This is an update on [01_querying_wikidata_for_hetnet_edges.ipynb](https://github.com/SuLab/WD-rephetio-analysis/blob/v1.0/1_code/01_querying_wikidata_for_hetnet_edges.ipynb) to address the expansion in the Wikidata knowledgebase currently resulting in a timeout during SPARQL query of nodes and edges.
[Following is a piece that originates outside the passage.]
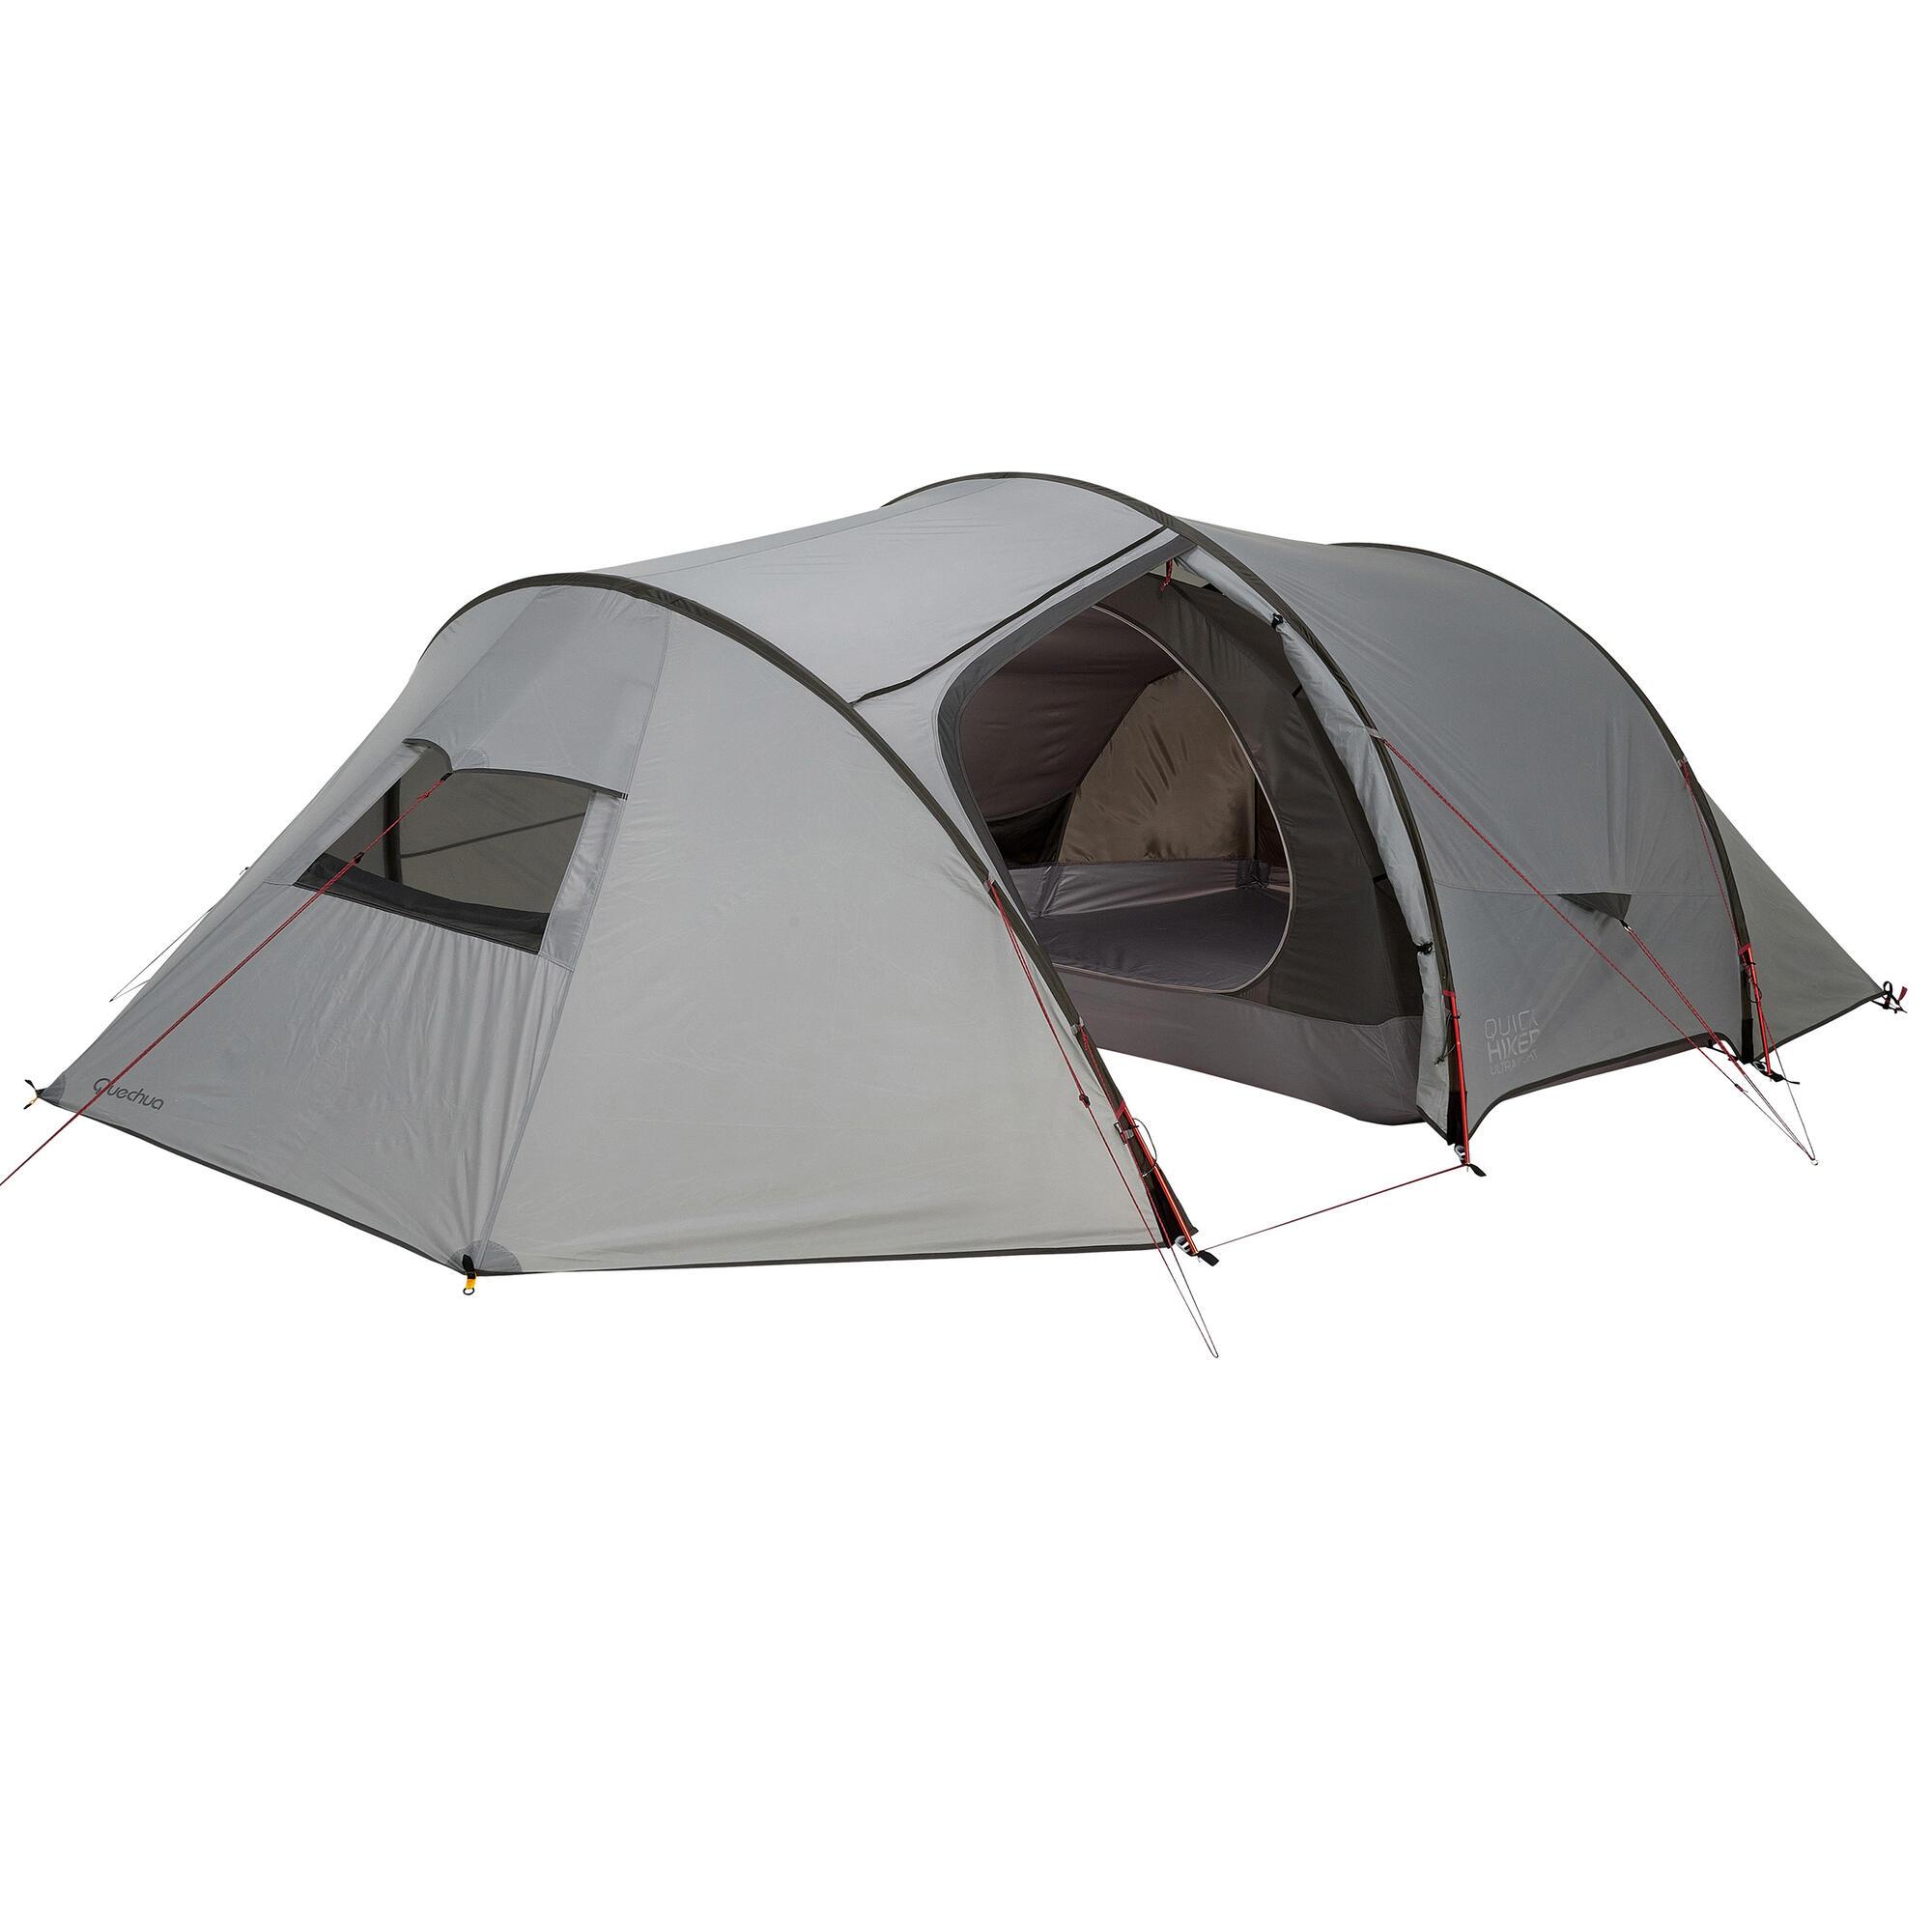 tente de trek quickhiker ultralight 4 personnes gris clair quechua. Black Bedroom Furniture Sets. Home Design Ideas

**Input**: Anatomy, Biological Process, Cellular Component, Compounds, Disease, Genes-Pathway-Protein, Phenotype, Protein, Molecular Function
<br>8 categories, each categorized as individual .ndjson files
<br>[Derived from this notebook, an update of MM's metapaths](https://github.com/sabahzero/WRP/blob/main/src/archive/01a_Wikidata-Nodes.ipynb)

**Output**
ID, LABEL, name (Mike's nodes_2019-09-03.csv as an example)

<br>
<br>


### Confirmed Checks
- Items are correctly binned in respective files
<br>*exception* gpp

### Checks to Confirm
- Numbers match up with what Mike had (specifically bp and mf, which should be unchanged) 
- Put a timer on how long each dataset takes to load
- Create a table: Input category, # of item pages, time it takes to load/run, output
- Update nodes, including separating current GPP category
- Cross over of QIDs and duplicates (which should be which)
- How do I pull out edges?

In [1]:
import pandas as pd

import time 
from datetime import datetime

In [9]:
nodes_mike = pd.read_csv('file-examples/nodes_2019-09-03.csv')  
edges_mike = pd.read_csv('file-examples/edges_2019-09-03.csv')  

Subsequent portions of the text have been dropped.